> **SOURCE MATERIAL**:
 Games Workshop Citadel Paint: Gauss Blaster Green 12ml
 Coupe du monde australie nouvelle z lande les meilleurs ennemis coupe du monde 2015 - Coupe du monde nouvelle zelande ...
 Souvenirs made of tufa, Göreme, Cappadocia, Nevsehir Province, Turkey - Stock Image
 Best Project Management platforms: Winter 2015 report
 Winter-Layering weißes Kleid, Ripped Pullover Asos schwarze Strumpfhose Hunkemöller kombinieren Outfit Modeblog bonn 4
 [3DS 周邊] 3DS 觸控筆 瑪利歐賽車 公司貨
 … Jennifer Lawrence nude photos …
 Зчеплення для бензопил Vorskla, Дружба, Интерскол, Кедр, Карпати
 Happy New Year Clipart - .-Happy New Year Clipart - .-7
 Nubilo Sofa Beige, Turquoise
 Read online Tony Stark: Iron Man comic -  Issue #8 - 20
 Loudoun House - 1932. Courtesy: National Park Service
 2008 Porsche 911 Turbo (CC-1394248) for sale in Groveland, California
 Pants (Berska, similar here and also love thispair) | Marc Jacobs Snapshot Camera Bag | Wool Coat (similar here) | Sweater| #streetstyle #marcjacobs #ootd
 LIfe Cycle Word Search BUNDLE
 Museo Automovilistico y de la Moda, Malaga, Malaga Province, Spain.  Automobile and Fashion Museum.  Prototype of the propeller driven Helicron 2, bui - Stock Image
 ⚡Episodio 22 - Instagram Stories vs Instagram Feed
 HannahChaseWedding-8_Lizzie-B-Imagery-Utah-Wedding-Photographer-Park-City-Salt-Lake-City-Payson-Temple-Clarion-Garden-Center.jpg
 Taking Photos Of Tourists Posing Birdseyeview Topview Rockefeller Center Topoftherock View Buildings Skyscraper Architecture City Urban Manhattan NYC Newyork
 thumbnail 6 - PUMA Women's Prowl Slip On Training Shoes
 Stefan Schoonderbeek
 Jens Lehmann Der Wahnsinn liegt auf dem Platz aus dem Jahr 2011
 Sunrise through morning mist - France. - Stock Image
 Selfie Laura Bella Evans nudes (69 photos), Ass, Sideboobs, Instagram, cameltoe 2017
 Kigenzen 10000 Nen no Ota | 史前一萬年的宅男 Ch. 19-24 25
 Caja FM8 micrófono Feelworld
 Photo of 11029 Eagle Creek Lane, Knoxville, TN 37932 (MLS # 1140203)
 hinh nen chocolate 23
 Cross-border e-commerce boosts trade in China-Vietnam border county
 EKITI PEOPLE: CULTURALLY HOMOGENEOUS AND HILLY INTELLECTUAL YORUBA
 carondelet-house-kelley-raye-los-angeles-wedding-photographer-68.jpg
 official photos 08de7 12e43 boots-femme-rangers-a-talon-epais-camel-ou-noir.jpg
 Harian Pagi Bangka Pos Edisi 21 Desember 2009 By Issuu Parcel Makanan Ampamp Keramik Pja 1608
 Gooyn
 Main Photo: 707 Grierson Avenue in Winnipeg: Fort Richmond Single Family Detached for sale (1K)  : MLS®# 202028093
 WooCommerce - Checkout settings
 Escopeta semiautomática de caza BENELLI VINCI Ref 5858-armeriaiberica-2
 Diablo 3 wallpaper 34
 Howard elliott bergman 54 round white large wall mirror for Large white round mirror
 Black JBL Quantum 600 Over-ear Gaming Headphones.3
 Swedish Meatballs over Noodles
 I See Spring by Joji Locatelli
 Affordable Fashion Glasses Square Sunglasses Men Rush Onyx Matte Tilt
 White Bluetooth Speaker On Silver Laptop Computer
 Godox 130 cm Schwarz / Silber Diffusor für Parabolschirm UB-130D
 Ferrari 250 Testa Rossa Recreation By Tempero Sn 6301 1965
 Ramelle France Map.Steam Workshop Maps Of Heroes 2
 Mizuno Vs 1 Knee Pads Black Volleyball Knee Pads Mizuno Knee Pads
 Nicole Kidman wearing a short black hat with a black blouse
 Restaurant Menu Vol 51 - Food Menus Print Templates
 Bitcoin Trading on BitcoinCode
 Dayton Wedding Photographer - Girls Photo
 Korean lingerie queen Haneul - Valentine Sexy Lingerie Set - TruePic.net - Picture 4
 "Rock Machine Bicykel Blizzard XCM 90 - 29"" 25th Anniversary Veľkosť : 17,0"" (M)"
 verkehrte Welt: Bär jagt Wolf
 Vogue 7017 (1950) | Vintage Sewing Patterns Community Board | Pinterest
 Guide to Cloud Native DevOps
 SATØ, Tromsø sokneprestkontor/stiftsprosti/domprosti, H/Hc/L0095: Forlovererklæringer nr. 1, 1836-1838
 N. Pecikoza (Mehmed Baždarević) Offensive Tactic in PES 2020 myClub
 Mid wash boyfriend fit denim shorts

> **EXERCISE OBJECTIVE**:
Return each entry above exactly, leaving none out.

> **TASK RESPONSE**:
 Games Workshop Citadel Paint: Gauss Blaster Green 12ml
 Coupe du monde australie nouvelle z lande les meilleurs ennemis coupe du monde 2015 - Coupe du monde nouvelle zelande ...
 Souvenirs made of tufa, Göreme, Cappadocia, Nevsehir Province, Turkey - Stock Image
 Best Project Management platforms: Winter 2015 report
 Winter-Layering weißes Kleid, Ripped Pullover Asos schwarze Strumpfhose Hunkemöller kombinieren Outfit Modeblog bonn 4
 [3DS 周邊] 3DS 觸控筆 瑪利歐賽車 公司貨
 … Jennifer Lawrence nude photos …
 Зчеплення для бензопил Vorskla, Дружба, Интерскол, Кедр, Карпати
 Happy New Year Clipart - .-Happy New Year Clipart - .-7
 Nubilo Sofa Beige, Turquoise
 Read online Tony Stark: Iron Man comic -  Issue #8 - 20
 Loudoun House - 1932. Courtesy: National Park Service
 2008 Porsche 911 Turbo (CC-1394248) for sale in Groveland, California
 Pants (Berska, similar here and also love thispair) | Marc Jacobs Snapshot Camera Bag | Wool Coat (similar here) | Sweater| #streetstyle #marcjacobs #ootd
 LIfe Cycle Word Search BUNDLE
 Museo Automovilistico y de la Moda, Malaga, Malaga Province, Spain.  Automobile and Fashion Museum.  Prototype of the propeller driven Helicron 2, bui - Stock Image
 ⚡Episodio 22 - Instagram Stories vs Instagram Feed
 HannahChaseWedding-8_Lizzie-B-Imagery-Utah-Wedding-Photographer-Park-City-Salt-Lake-City-Payson-Temple-Clarion-Garden-Center.jpg
 Taking Photos Of Tourists Posing Birdseyeview Topview Rockefeller Center Topoftherock View Buildings Skyscraper Architecture City Urban Manhattan NYC Newyork
 thumbnail 6 - PUMA Women's Prowl Slip On Training Shoes
 Stefan Schoonderbeek
 Jens Lehmann Der Wahnsinn liegt auf dem Platz aus dem Jahr 2011
 Sunrise through morning mist - France. - Stock Image
 Selfie Laura Bella Evans nudes (69 photos), Ass, Sideboobs, Instagram, cameltoe 2017
 Kigenzen 10000 Nen no Ota | 史前一萬年的宅男 Ch. 19-24 25
 Caja FM8 micrófono Feelworld
 Photo of 11029 Eagle Creek Lane, Knoxville, TN 37932 (MLS # 1140203)
 hinh nen chocolate 23
 Cross-border e-commerce boosts trade in China-Vietnam border county
 EKITI PEOPLE: CULTURALLY HOMOGENEOUS AND HILLY INTELLECTUAL YORUBA
 carondelet-house-kelley-raye-los-angeles-wedding-photographer-68.jpg
 official photos 08de7 12e43 boots-femme-rangers-a-talon-epais-camel-ou-noir.jpg
 Harian Pagi Bangka Pos Edisi 21 Desember 2009 By Issuu Parcel Makanan Ampamp Keramik Pja 1608
 Gooyn
 Main Photo: 707 Grierson Avenue in Winnipeg: Fort Richmond Single Family Detached for sale (1K)  : MLS®# 202028093
 WooCommerce - Checkout settings
 Escopeta semiautomática de caza BENELLI VINCI Ref 5858-armeriaiberica-2
 Diablo 3 wallpaper 34
 Howard elliott bergman 54 round white large wall mirror for Large white round mirror
 Black JBL Quantum 600 Over-ear Gaming Headphones.3
 Swedish Meatballs over Noodles
 I See Spring by Joji Locatelli
 Affordable Fashion Glasses Square Sunglasses Men Rush Onyx Matte Tilt
 White Bluetooth Speaker On Silver Laptop Computer
 Godox 130 cm Schwarz / Silber Diffusor für Parabolschirm UB-130D
 Ferrari 250 Testa Rossa Recreation By Tempero Sn 6301 1965
 Ramelle France Map.Steam Workshop Maps Of Heroes 2
 Mizuno Vs 1 Knee Pads Black Volleyball Knee Pads Mizuno Knee Pads
 Nicole Kidman wearing a short black hat with a black blouse
 Restaurant Menu Vol 51 - Food Menus Print Templates
 Bitcoin Trading on BitcoinCode
 Dayton Wedding Photographer - Girls Photo
 Korean lingerie queen Haneul - Valentine Sexy Lingerie Set - TruePic.net - Picture 4
 "Rock Machine Bicykel Blizzard XCM 90 - 29"" 25th Anniversary Veľkosť : 17,0"" (M)"
 verkehrte Welt: Bär jagt Wolf
 Vogue 7017 (1950) | Vintage Sewing Patterns Community Board | Pinterest
 Guide to Cloud Native DevOps
 SATØ, Tromsø sokneprestkontor/stiftsprosti/domprosti, H/Hc/L0095: Forlovererklæringer nr. 1, 1836-1838
 N. Pecikoza (Mehmed Baždarević) Offensive Tactic in PES 2020 myClub
 Mid wash boyfriend fit denim shorts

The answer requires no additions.